Nuklearmediziner bieten IGeL-Leistungen vor allem im Bereich Schilddrüsendiagnostik, onkologische Vorsorge und Knochenstoffwechsel an, die über GKV-Indikationen hinausgehen.
Hintergrund
Nuklearmedizinische IGeL-Leistungen erfordern aufwändige Gerätetechnik und Strahlenschutzmaßnahmen; entsprechend sind die Kosten höher als in anderen Fachgebieten. Typische Angebote:
- Schilddrüsen-Szintigraphie auf Wunsch: Bei normalem TSH und ohne Knotennachweis – 200–400 Euro.
- PET-CT als Vorsorgeuntersuchung: Ganzkörper-Onkologie-Screening bei asymptomatischen Patienten – 1.000–3.000 Euro.
- DXA-Knochendichtemessung (Osteodensitometrie): Vor dem GKV-Erstattungsalter (70 Jahre Frauen) – 80–150 Euro.

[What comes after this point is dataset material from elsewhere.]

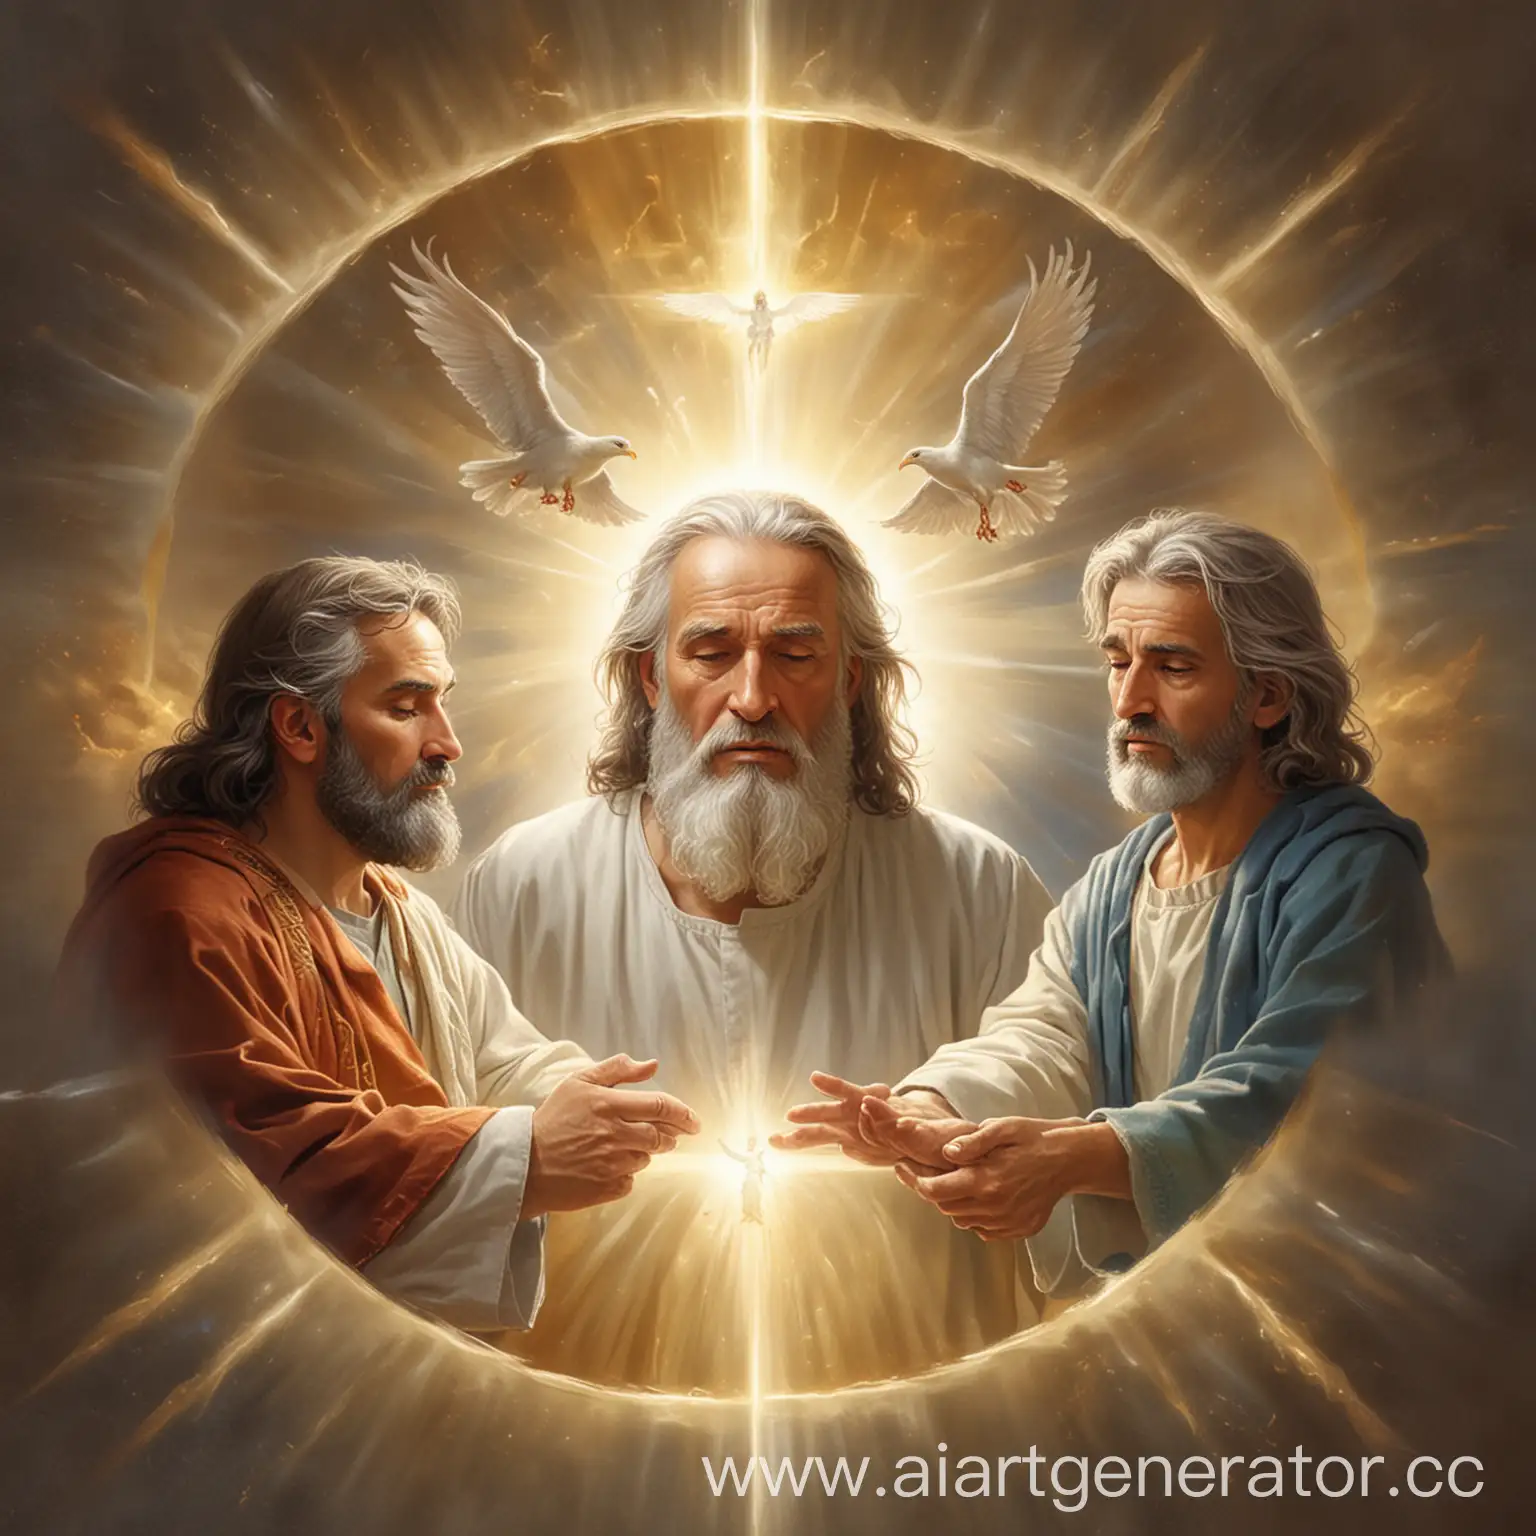 Divine-Trinity-Depicted-God-the-Father-God-the-Son-and-Holy-Spirit-in-Sacred-Art
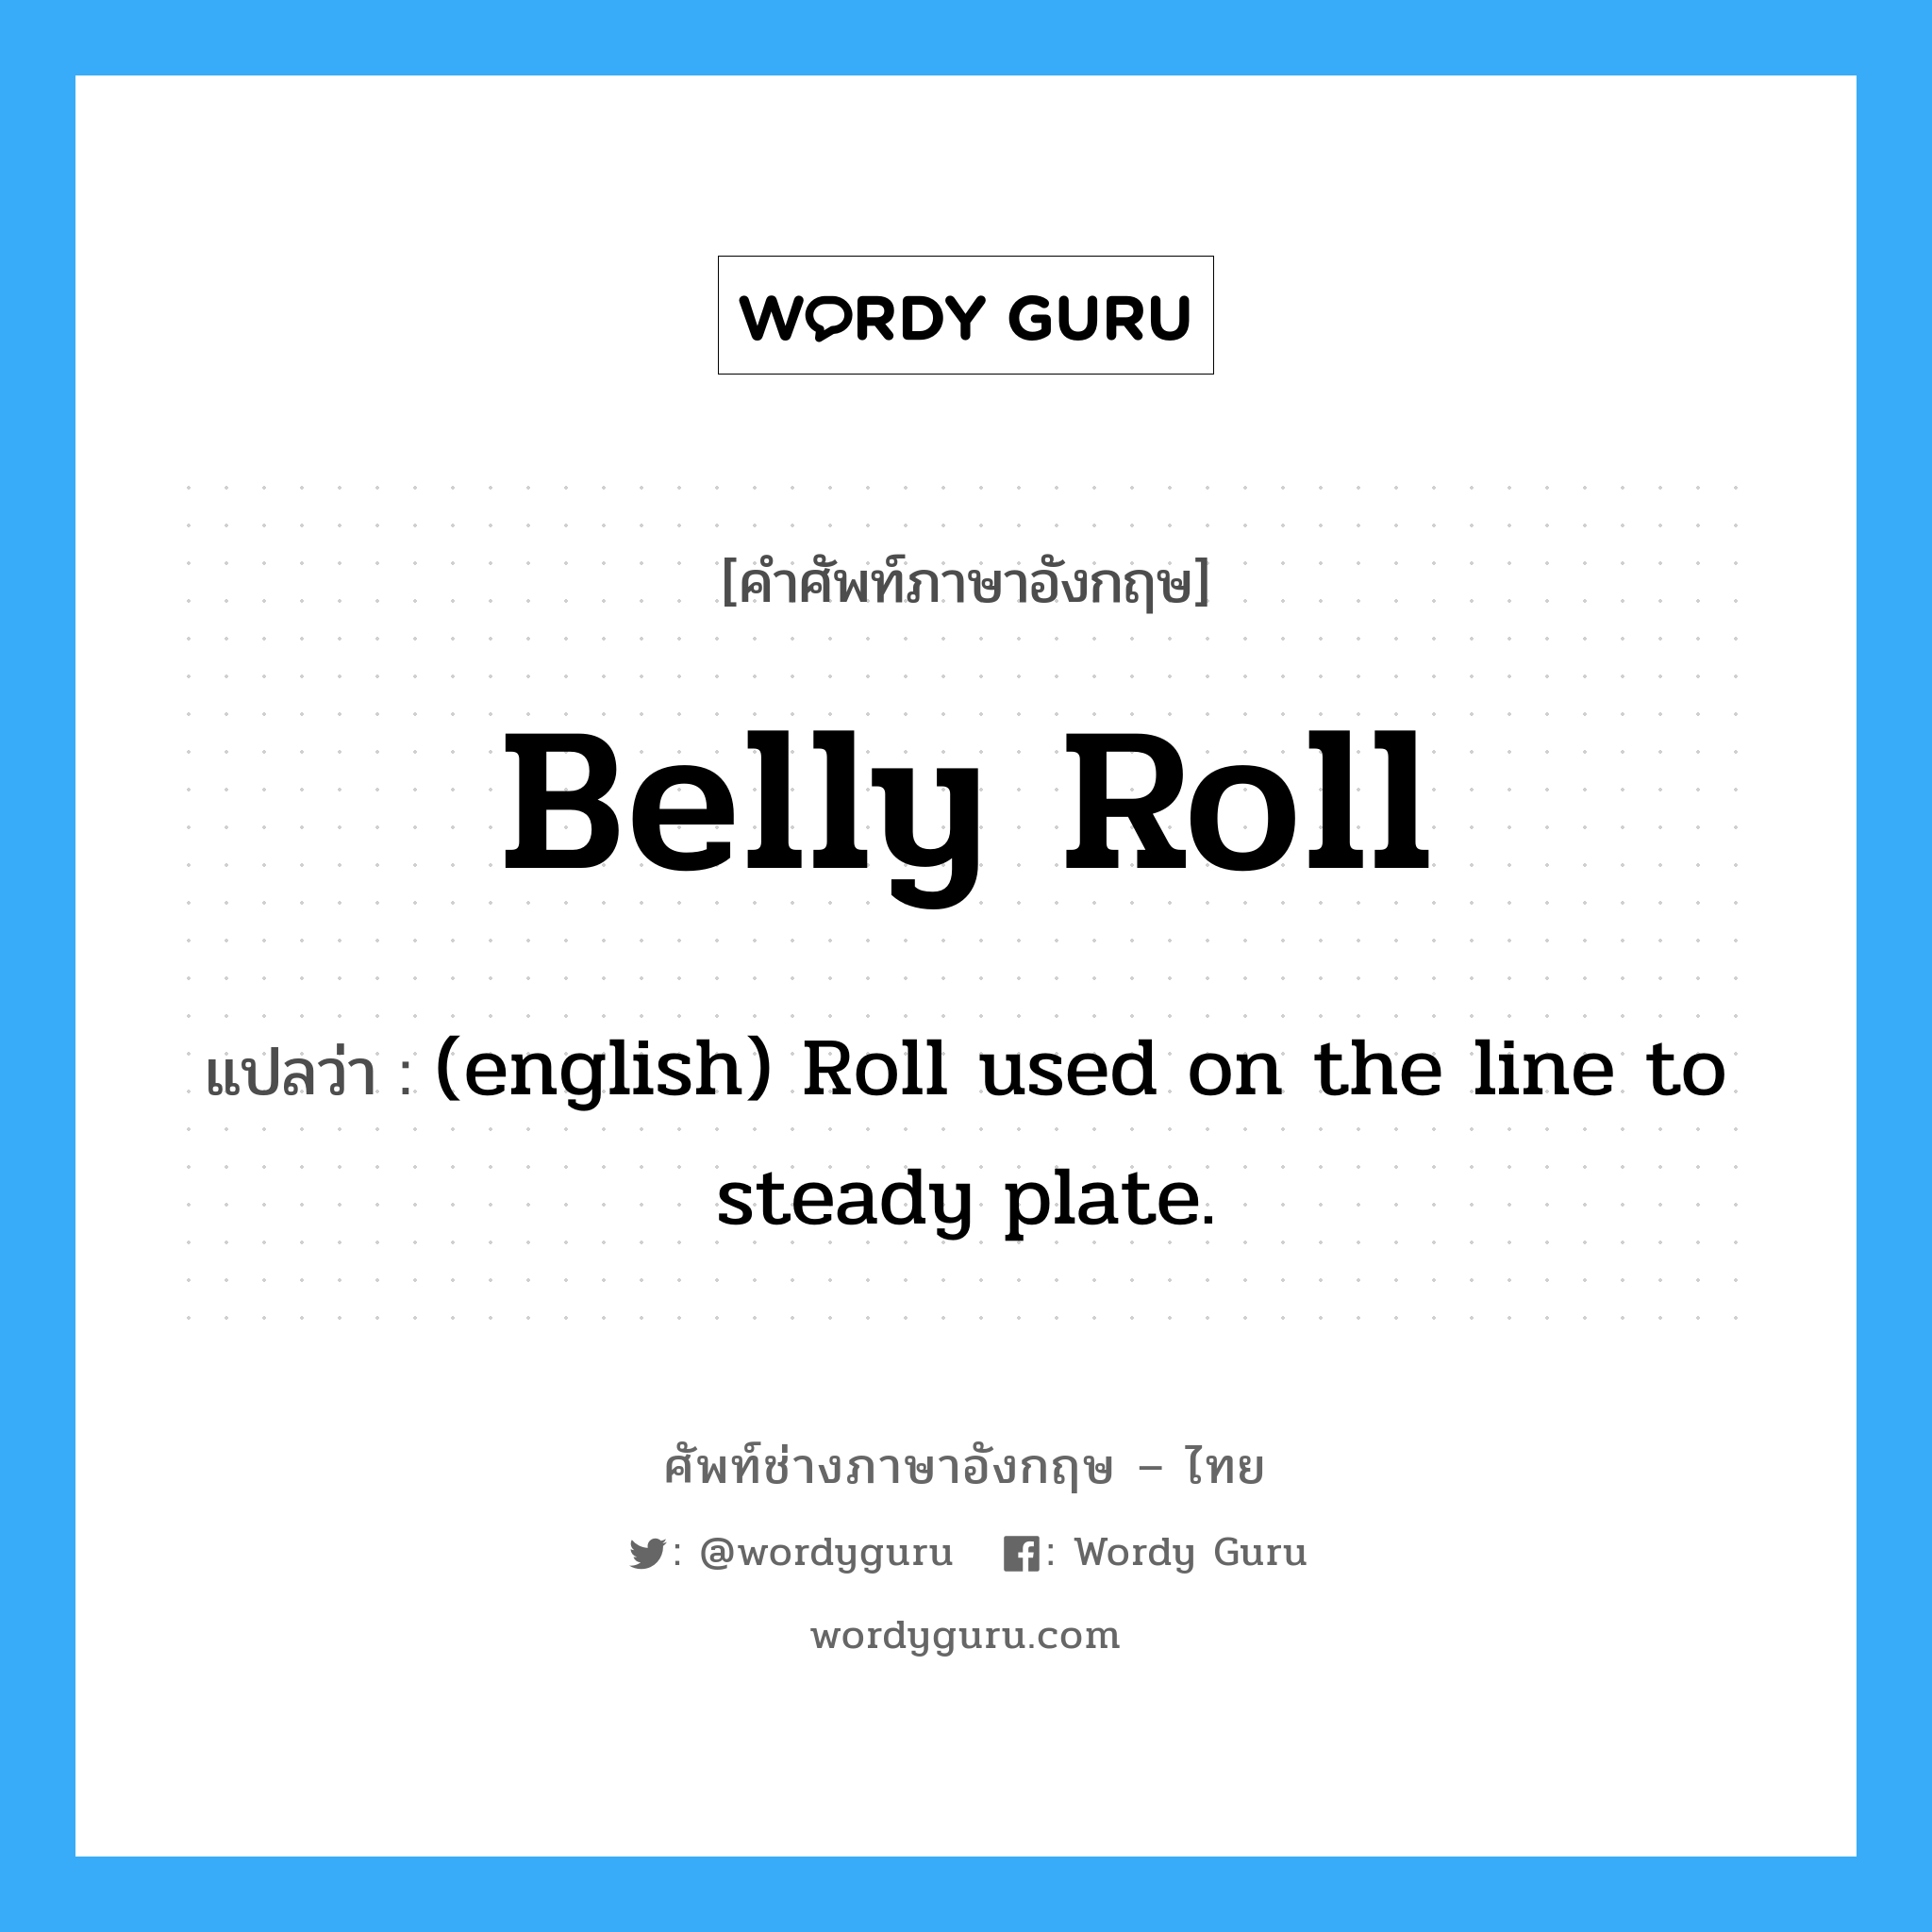 Belly Roll แปลว่า?, คำศัพท์ช่างภาษาอังกฤษ - ไทย Belly Roll คำศัพท์ภาษาอังกฤษ Belly Roll แปลว่า (english) Roll used on the line to steady plate.

- Schilddrüsen-SPECT für Autonomiediagnostik: Über Standard-Szintigraphie hinaus – 300–500 Euro.
- Myokardperfusions-Szintigraphie als Sportlervorsorge: Ohne kardiologische GKV-Indikation – 500–900 Euro.
- Erweiterte Parathyreoidea-Szintigraphie: Auf Wunsch ohne gesichertes Hyperparathyreoidismus-Verdacht – 300–600 Euro.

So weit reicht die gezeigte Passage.